Tranexamic acid does not prevent intracerebral haemorrhage growth

Tranexamic acid does not prevent intracerebral haemorrhage growth in patients with acute intracerebral haemorrhage, an Australian-led randomised controlled trial has shown.

The STOP-AUST study was conducted in 100 patients with acute ICH at 13 stroke centres in Australia, Finland and Taiwan, and found no difference between the antifibrinolytic and placebo in reducing intracerebral haemorrhage growth at 24 hours.

However the treatment was safe, with no increase in thromboembolic complications, and the door is still open to investigate tranexamic acid in larger studies with more realistic and simpler eligibility criteria, the investigators say.

The trial was hampered by slow recruitment due to the requirement to obtain CT angiography and assess for a spot sign, which is not part of the routine care for ICH patients, noted the study authors, led by Professor Steven Davis of the  Melbourne Brain Centre at the Royal Melbourne Hospital.

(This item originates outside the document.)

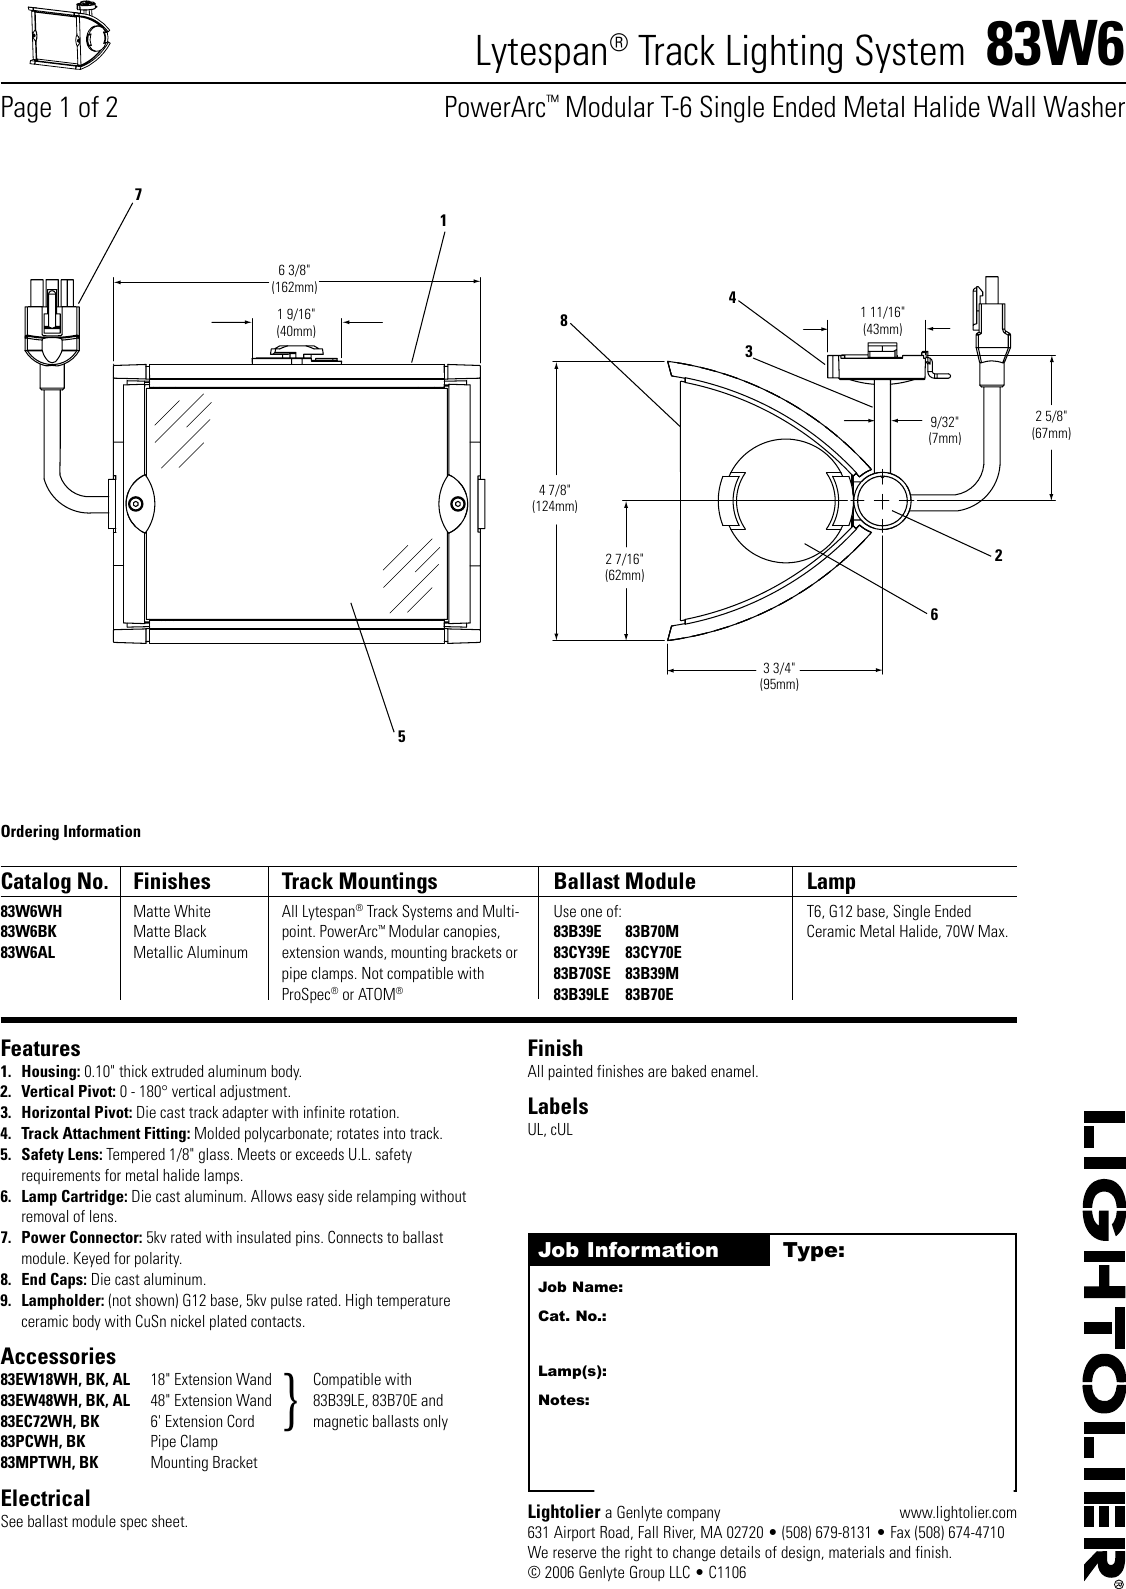 Lightolier lytespan track lighting system 83w6 users manual aloadofball Choice Image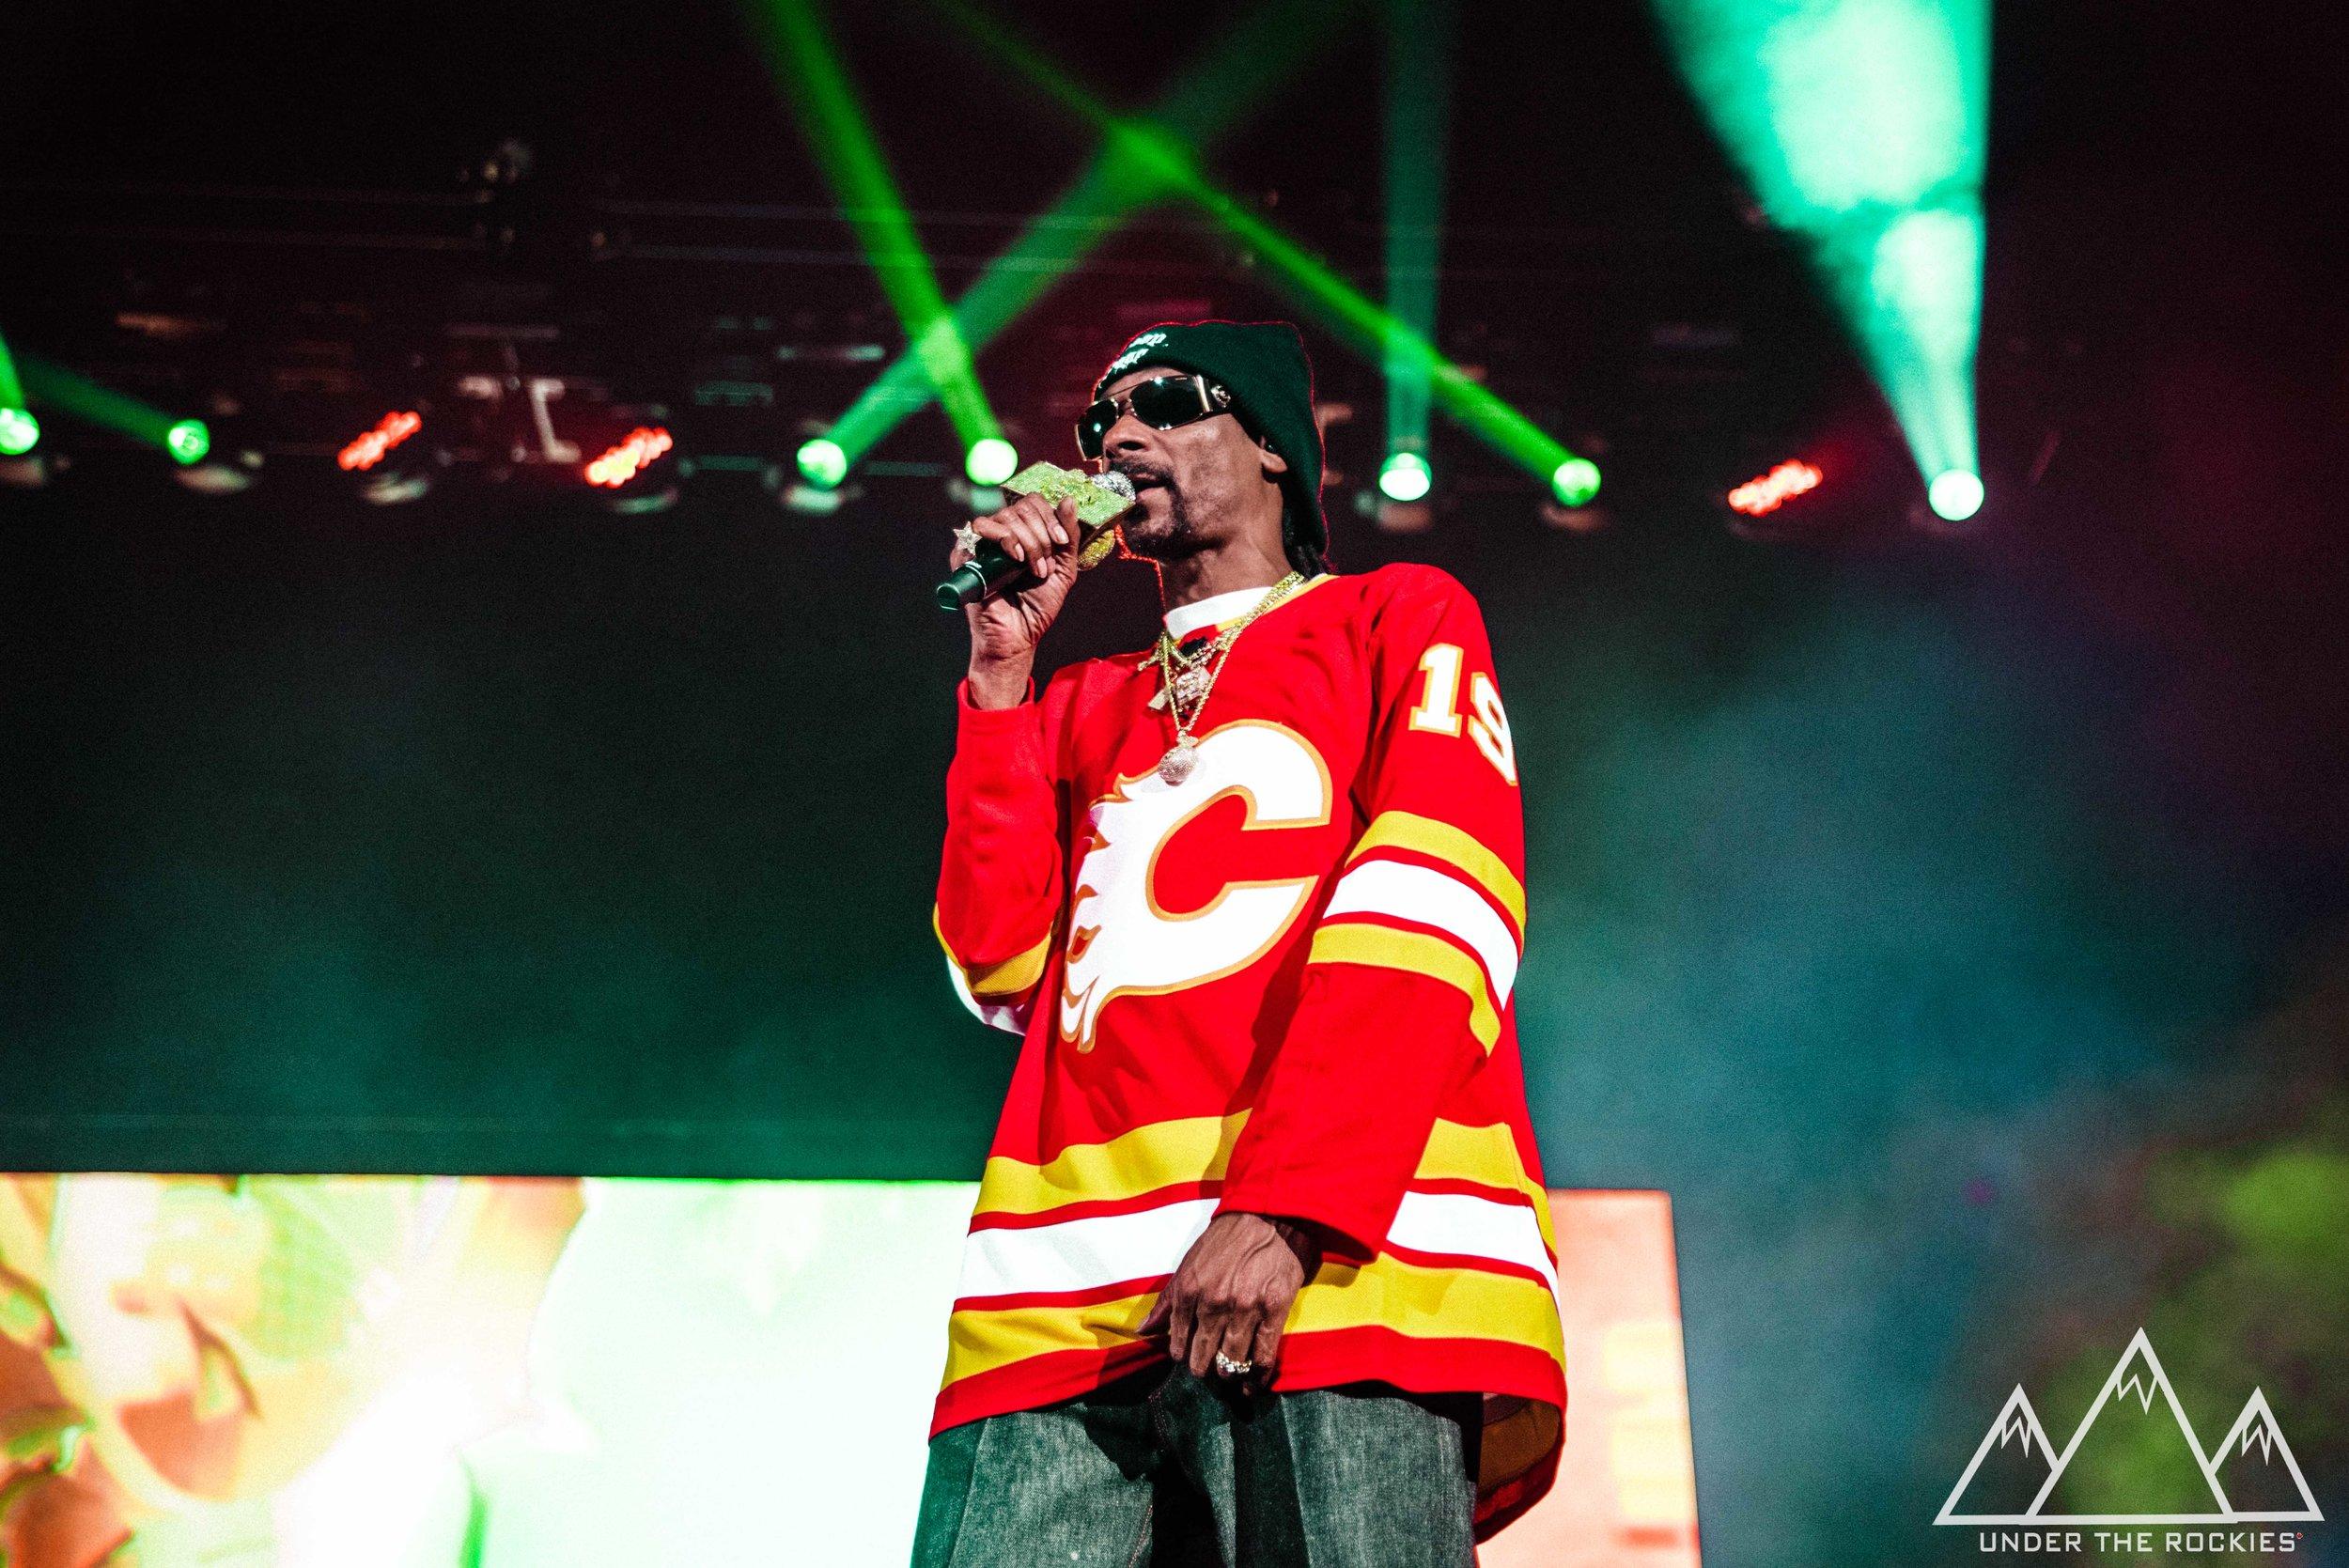 SnoopDogg-21-JJP-20190221.jpg

In the study, which ran from 2013 to 2019, adult patients were enrolled if they presented with acute ICH and had contrast extravasation on CT angiography (the so-called spot sign), and were treatable within 4·5 hours of symptom onset and within one hour of CT angiography.

Patients were randomly assigned to receive either 1g of intravenous tranexamic acid over 10 minutes followed by 1g over 8 hours or matching placebo, started within 4·5 hours of symptom onset.

For the primary outcome of intracerebral haemorrhage growth (>33% relative or >6 mL absolute) at 24 hours, there was no significant difference between the tranexamic acid group (22 patients, 44%) and placebo group (26 patients, 52%).

Functional outcomes at three months were also not different between groups.

There was no significant difference in deaths (16% vs 26% for placebo vs tranexamic acid) or thromboembolic complications (4% vs 2%) between the groups.

The study investigators concluded that the evidence to date does not justify routine use of tranexamic acid in patients with acute intracerebral haemorrhage.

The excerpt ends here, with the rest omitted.